### [Available data]
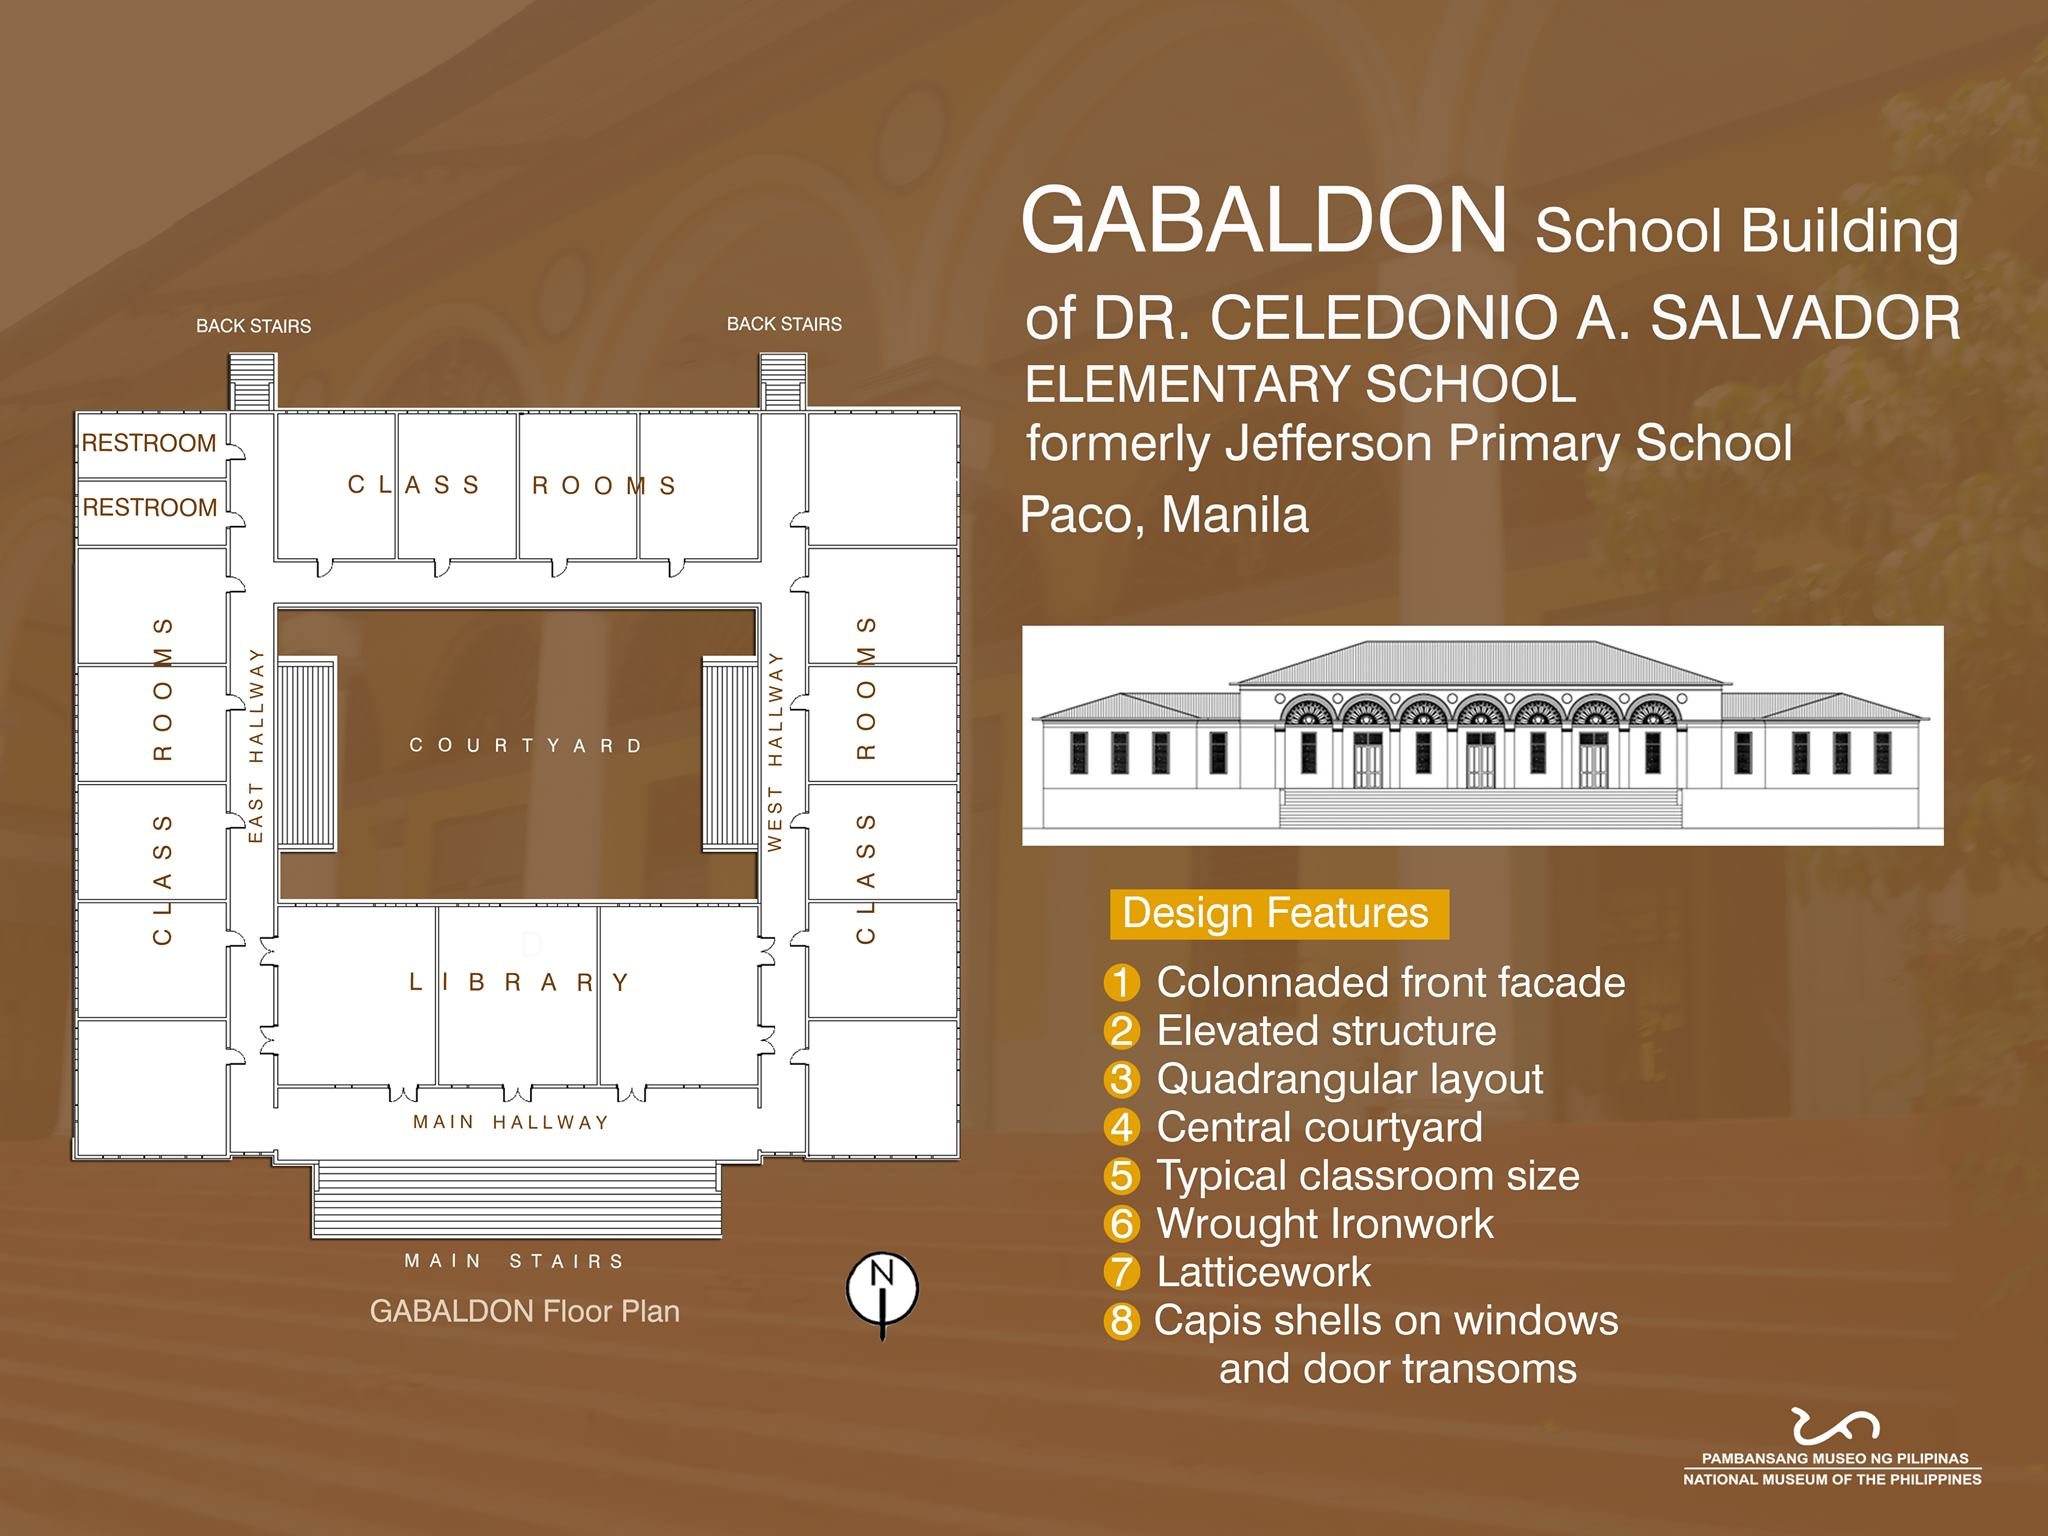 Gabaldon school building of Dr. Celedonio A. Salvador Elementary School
---
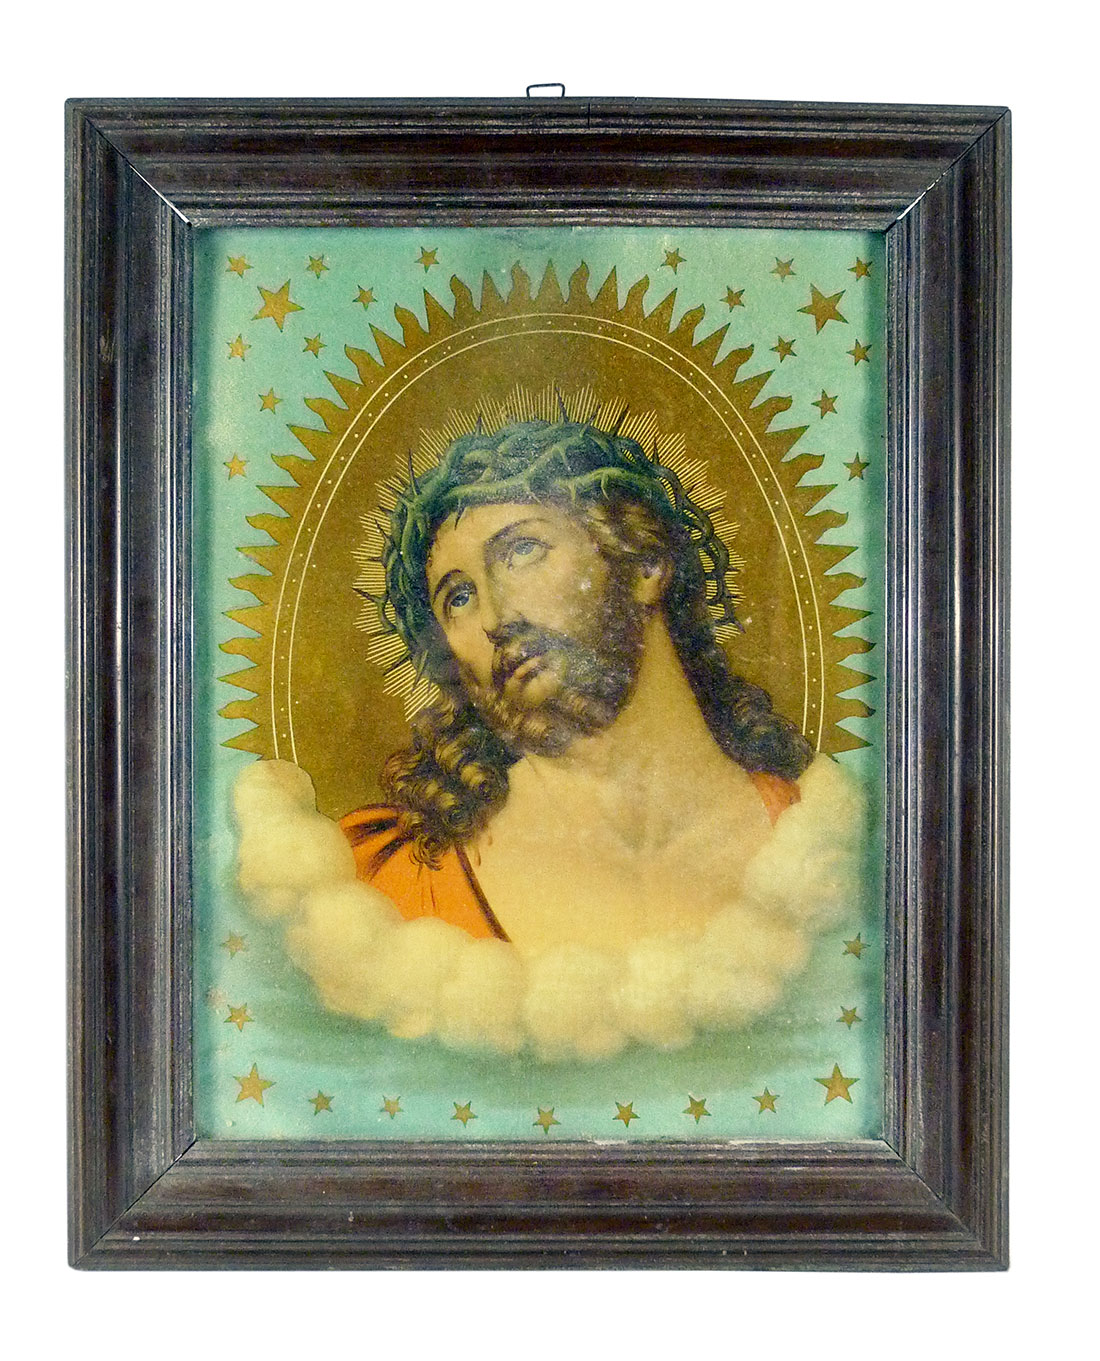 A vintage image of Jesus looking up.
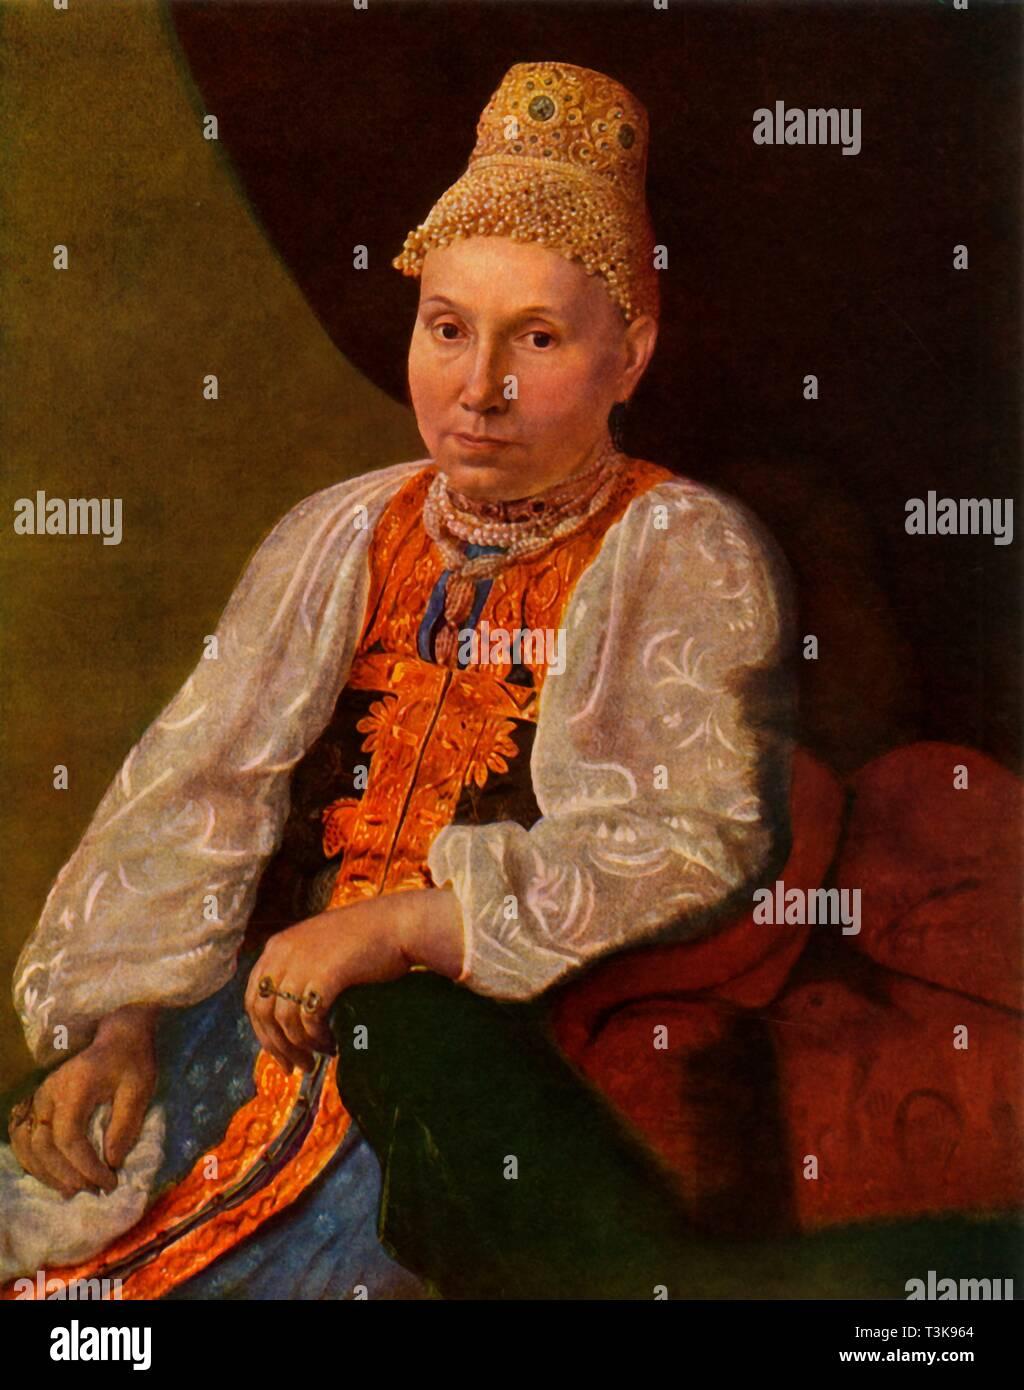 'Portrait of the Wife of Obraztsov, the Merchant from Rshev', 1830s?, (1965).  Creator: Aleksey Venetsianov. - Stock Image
* * *
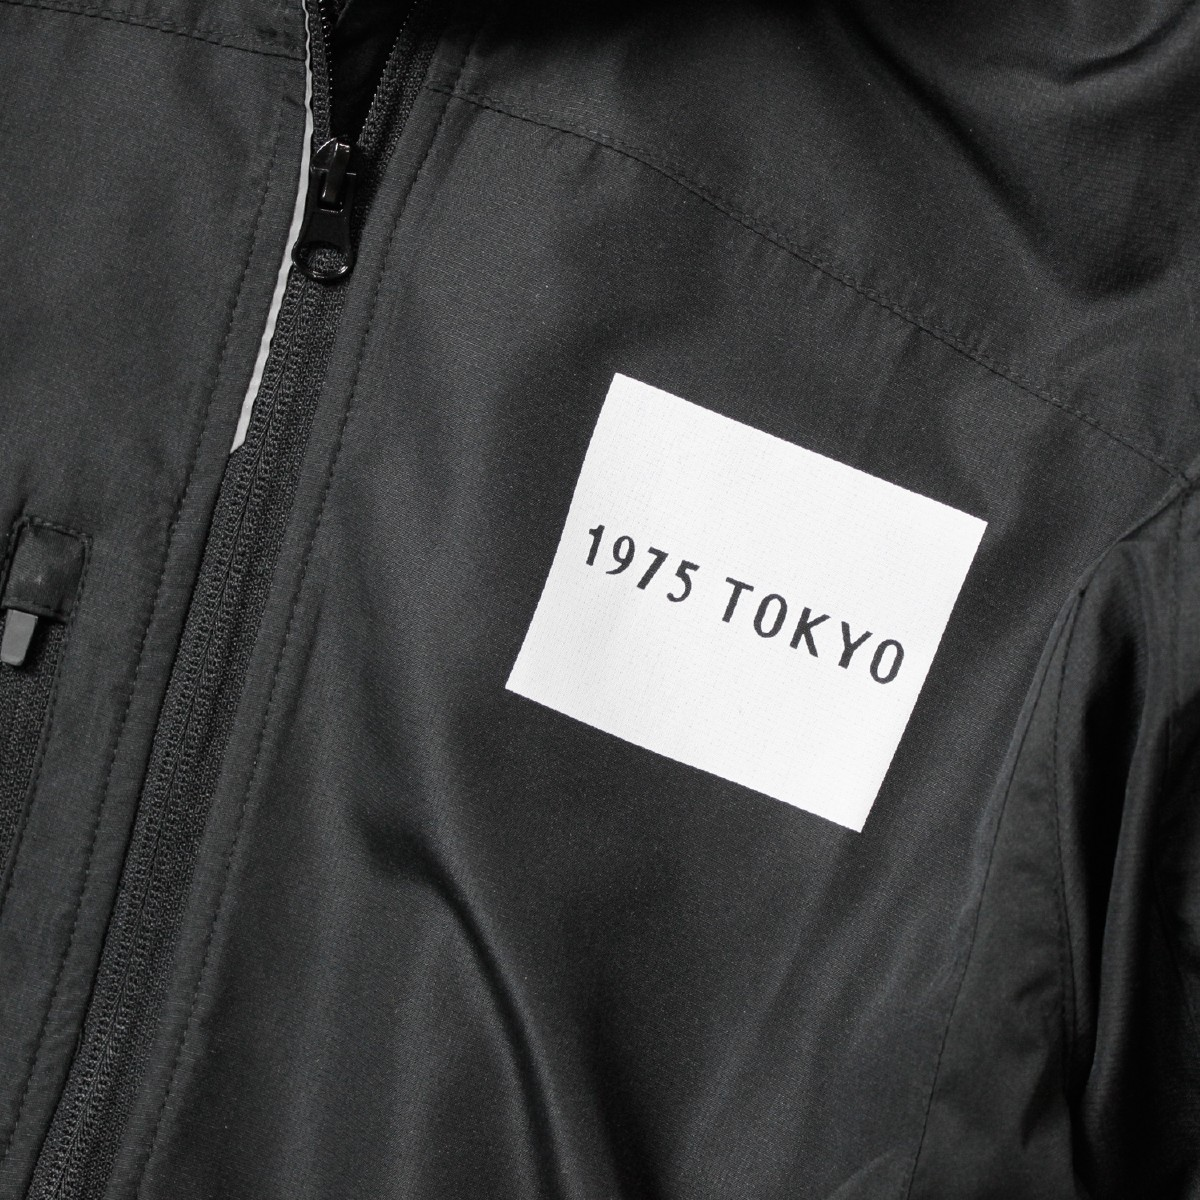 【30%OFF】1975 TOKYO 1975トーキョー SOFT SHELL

### [Required work]
Both the line above containing "A vintage image of Jesus looking up." and the line containing "- Stock Image" belong in the copy, along with every line between them; print these exactly and omit the pictures.

### [Response area]
 A vintage image of Jesus looking up.
 'Portrait of the Wife of Obraztsov, the Merchant from Rshev', 1830s?, (1965).  Creator: Aleksey Venetsianov. - Stock Image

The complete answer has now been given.